◆ Task details ◆
Each line from the one containing "Geberit 115.672.00.2 Actuator" to the end of the data must be copied exactly, the first and last included; no other lines and no pictures belong in the copy.

(Supplied material begins)

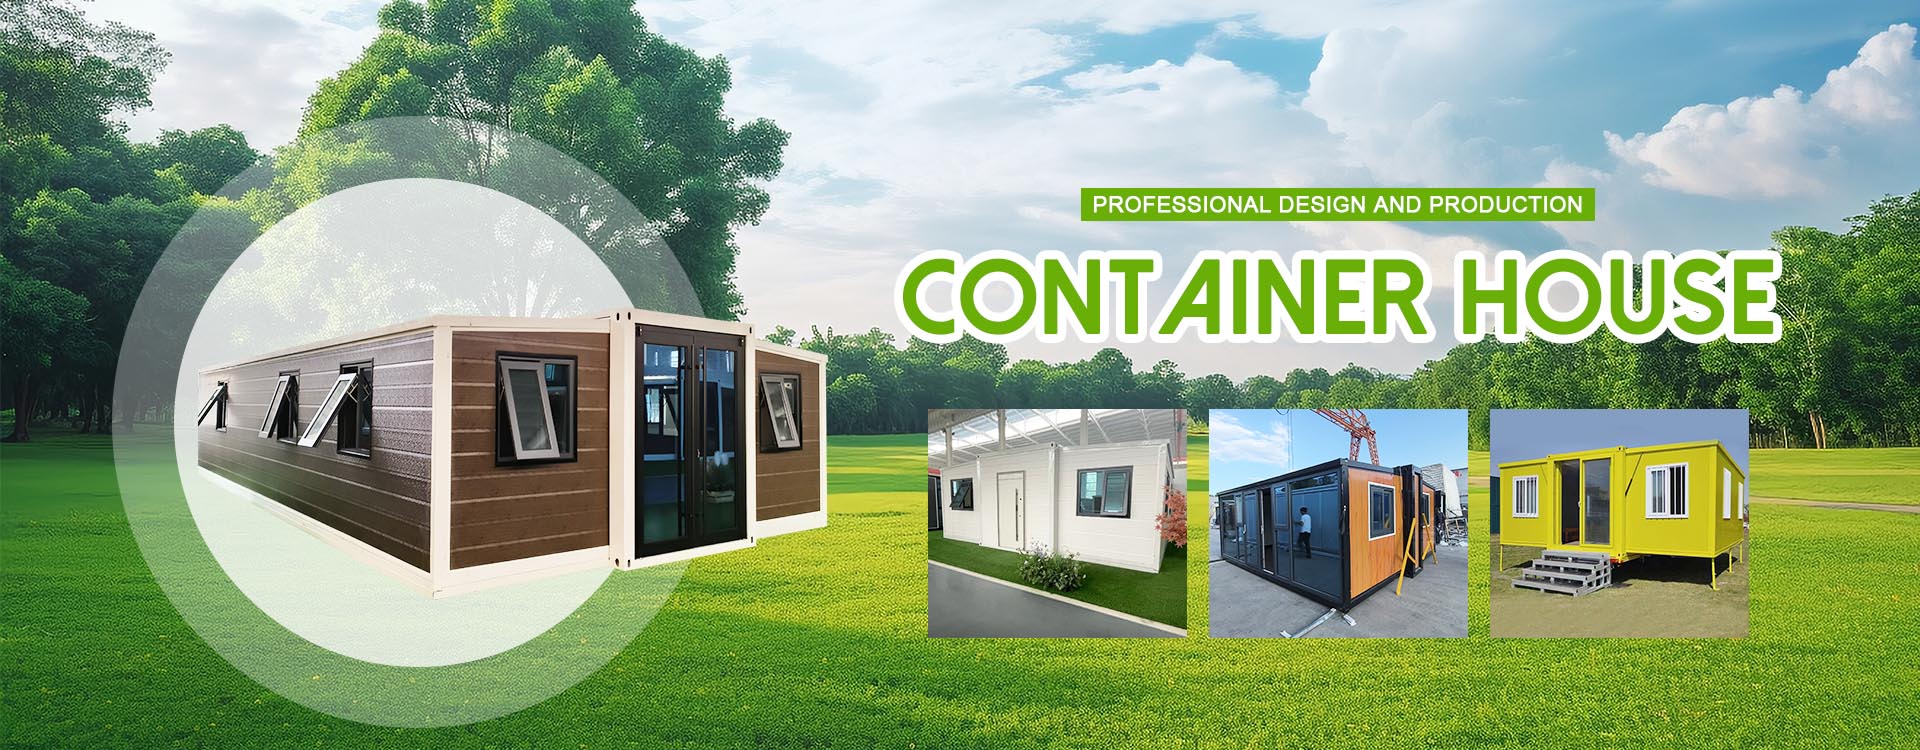 China Container House
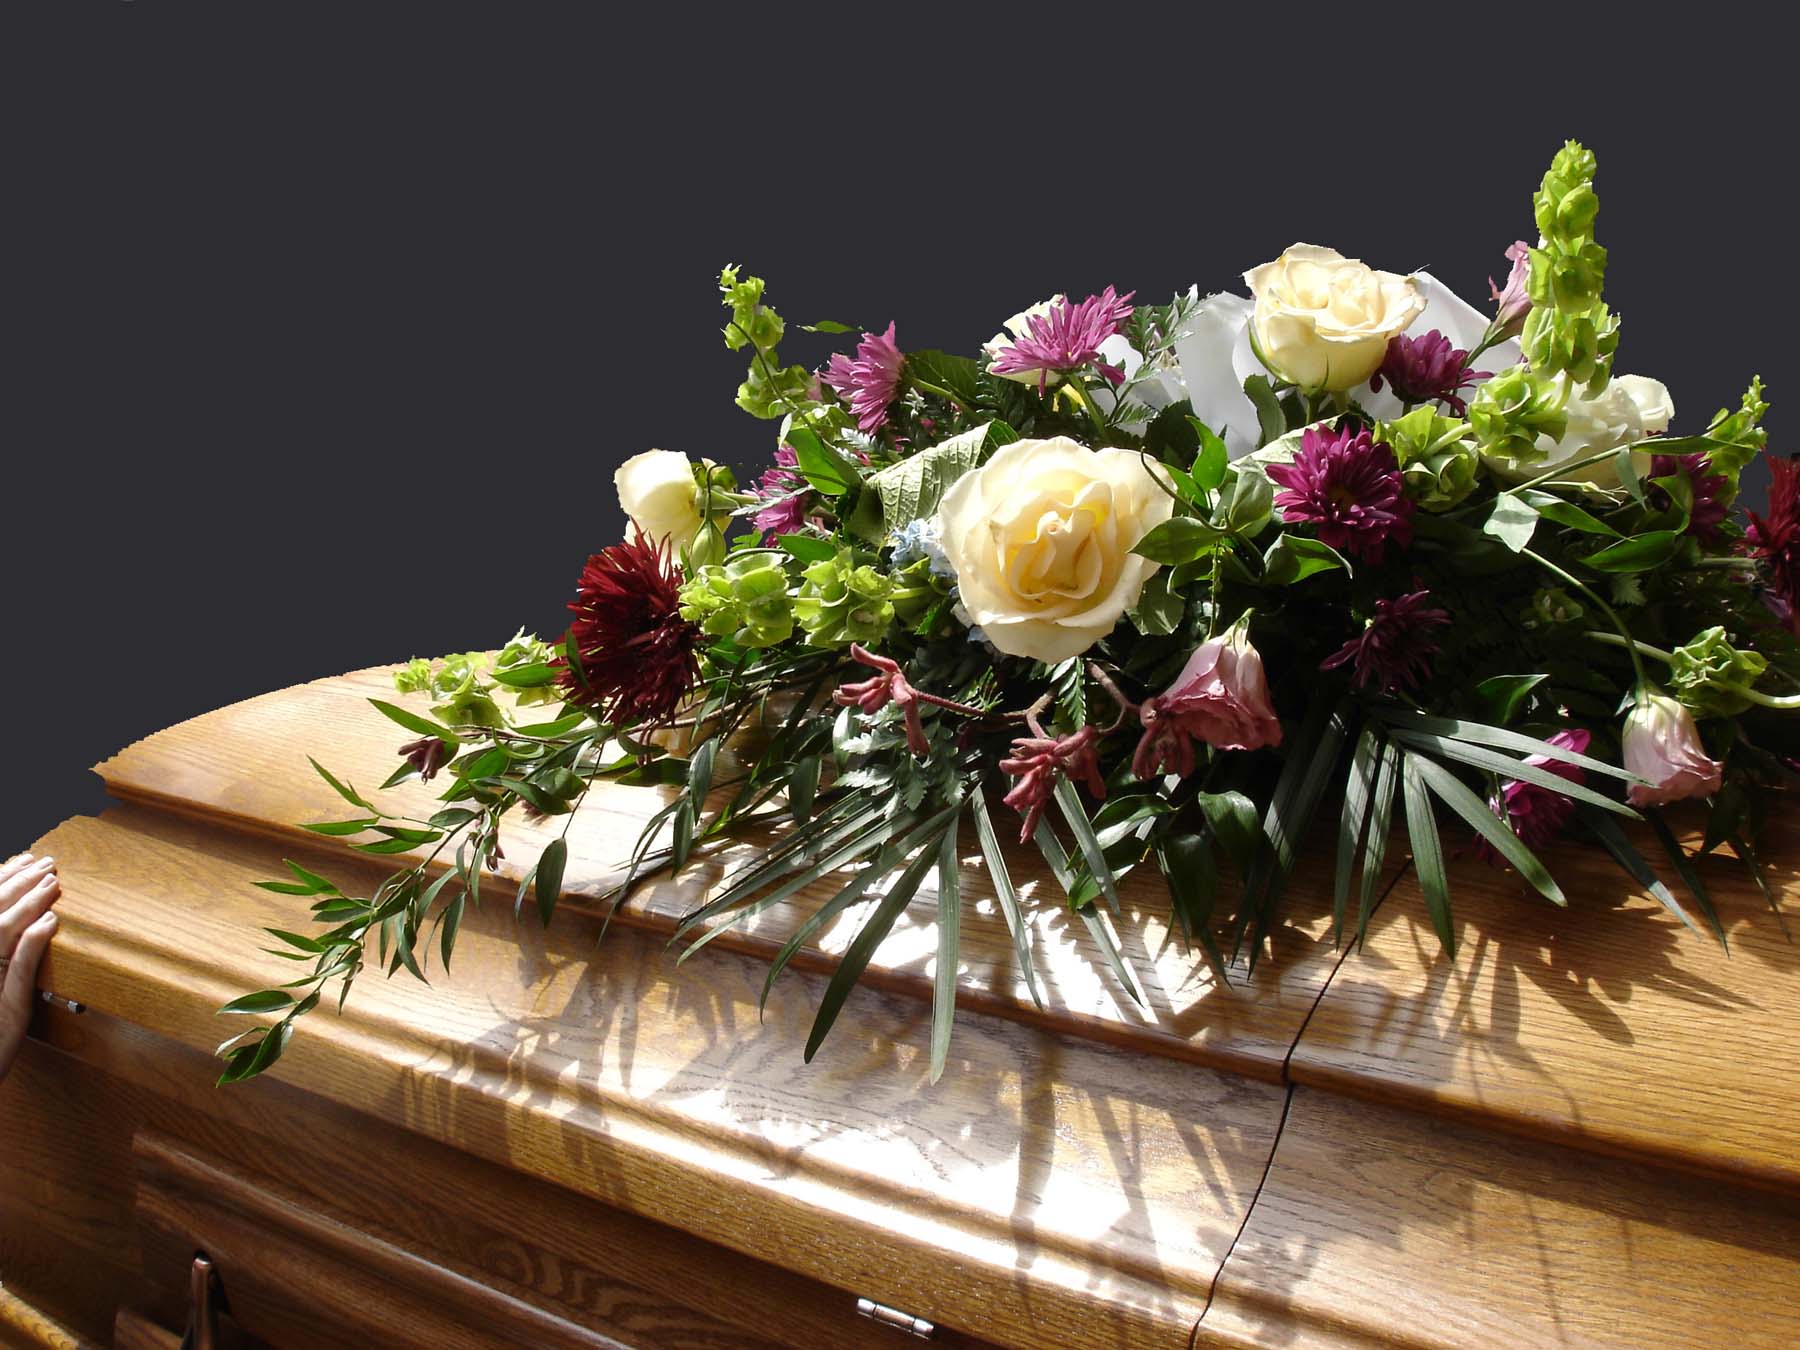 Close-up of flowers laid on top of a wooden casket.
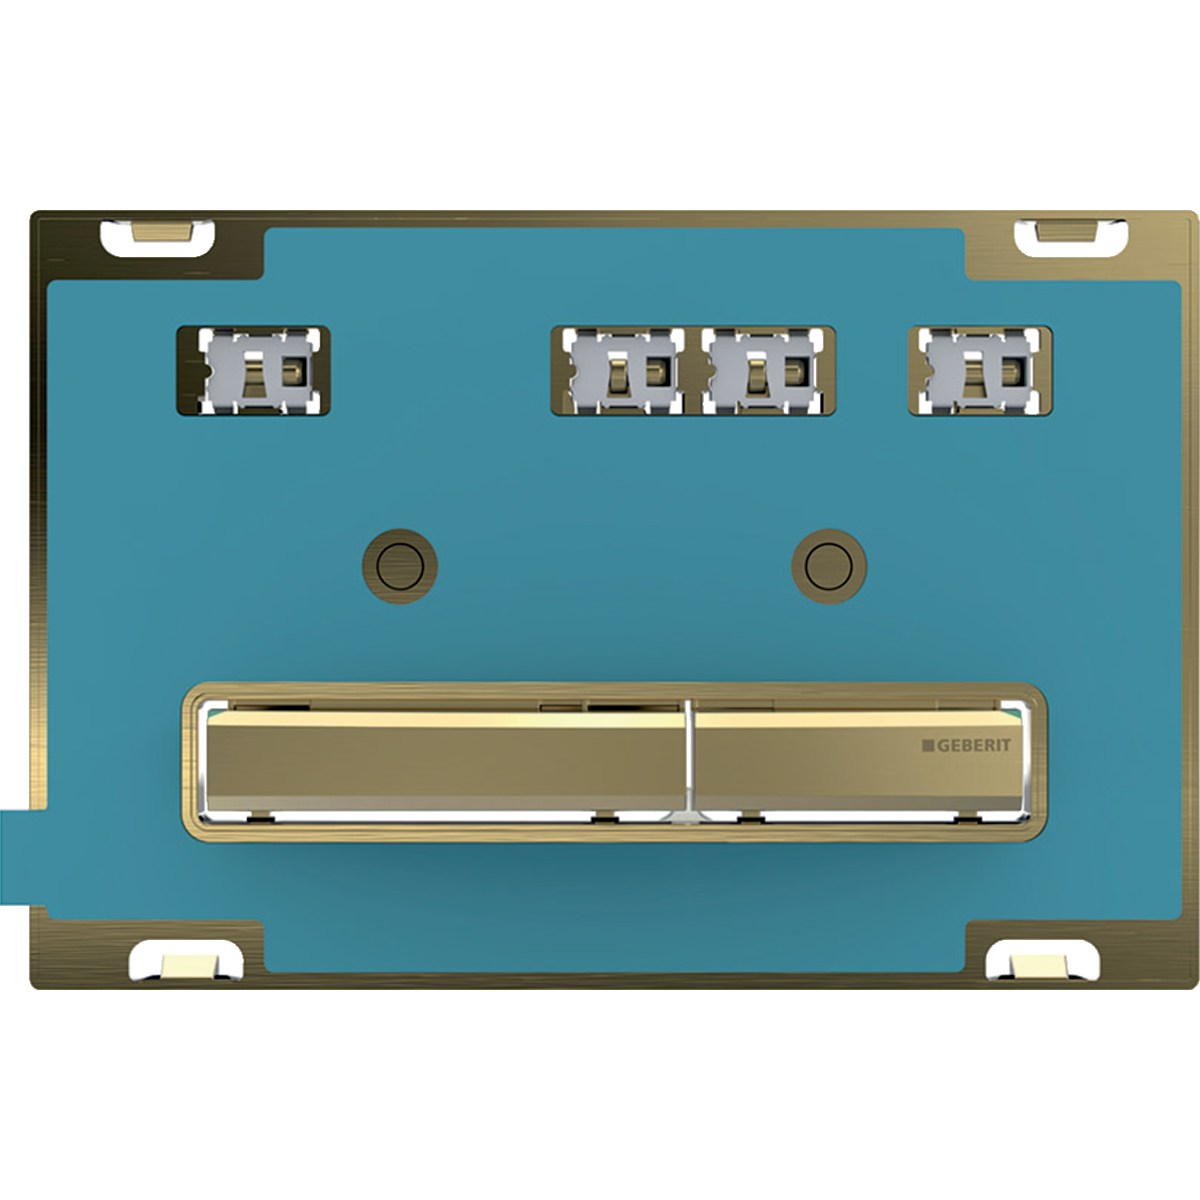 Geberit 115.672.00.2 Actuator Plate Sigma50 for Dual Flush, Metal Colour Brass - Base Plate and Buttons: Brass/Cover Plate: Customised
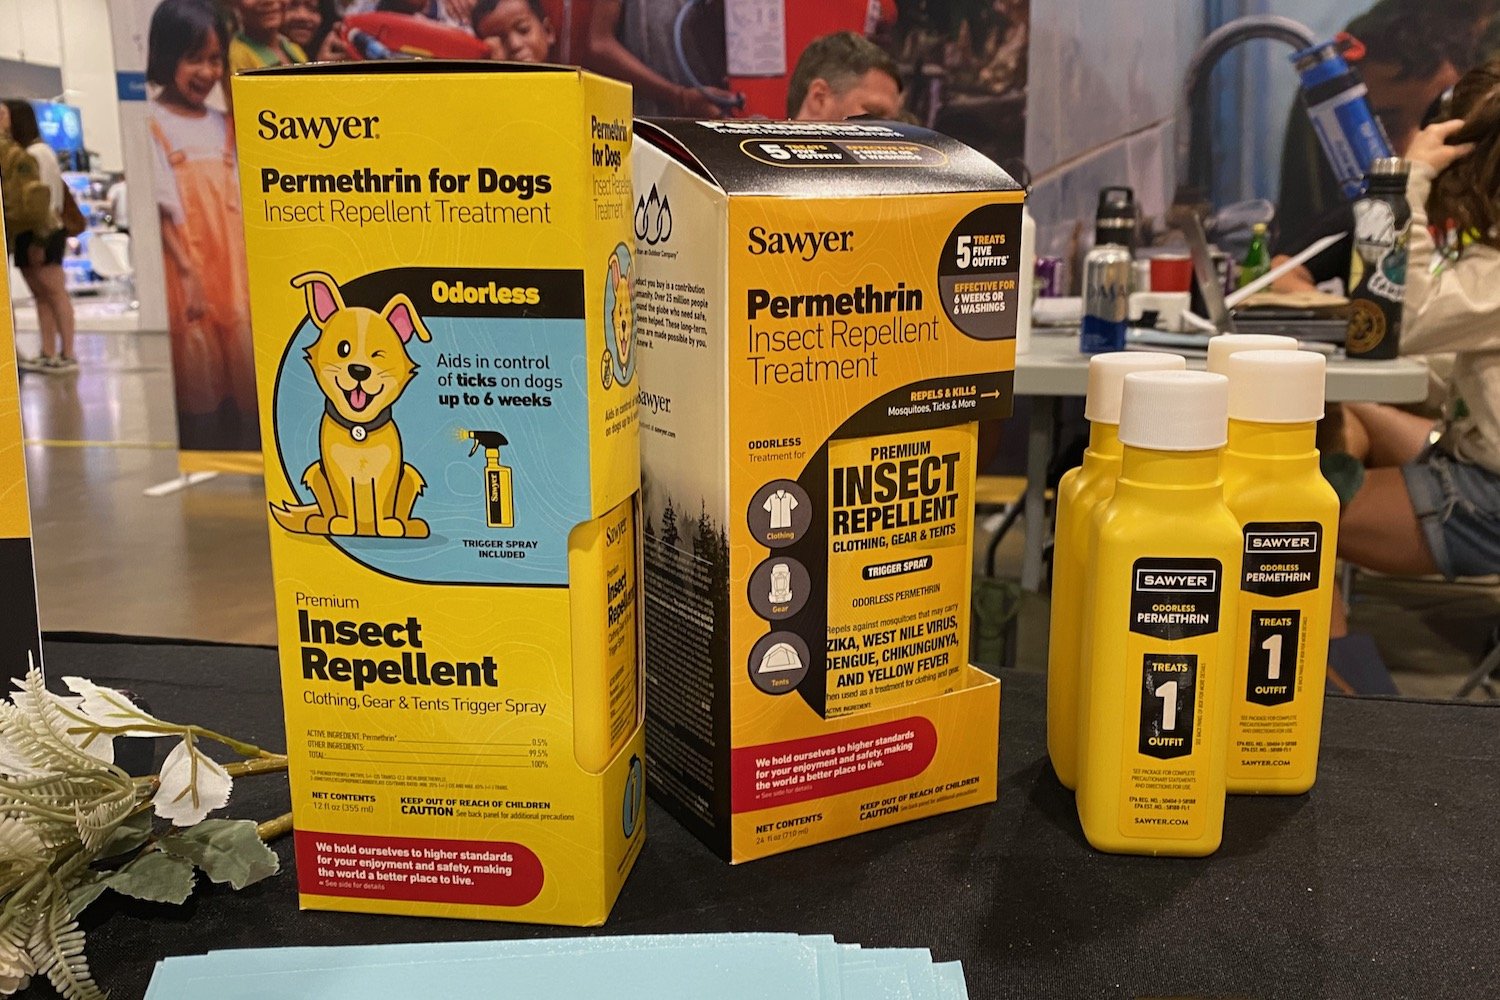 Bottles of Permethrin and Permethrin for Dogs sitting on a table

(Supplied material ends)

◆ The answer ◆
 Geberit 115.672.00.2 Actuator Plate Sigma50 for Dual Flush, Metal Colour Brass - Base Plate and Buttons: Brass/Cover Plate: Customised
 Bottles of Permethrin and Permethrin for Dogs sitting on a table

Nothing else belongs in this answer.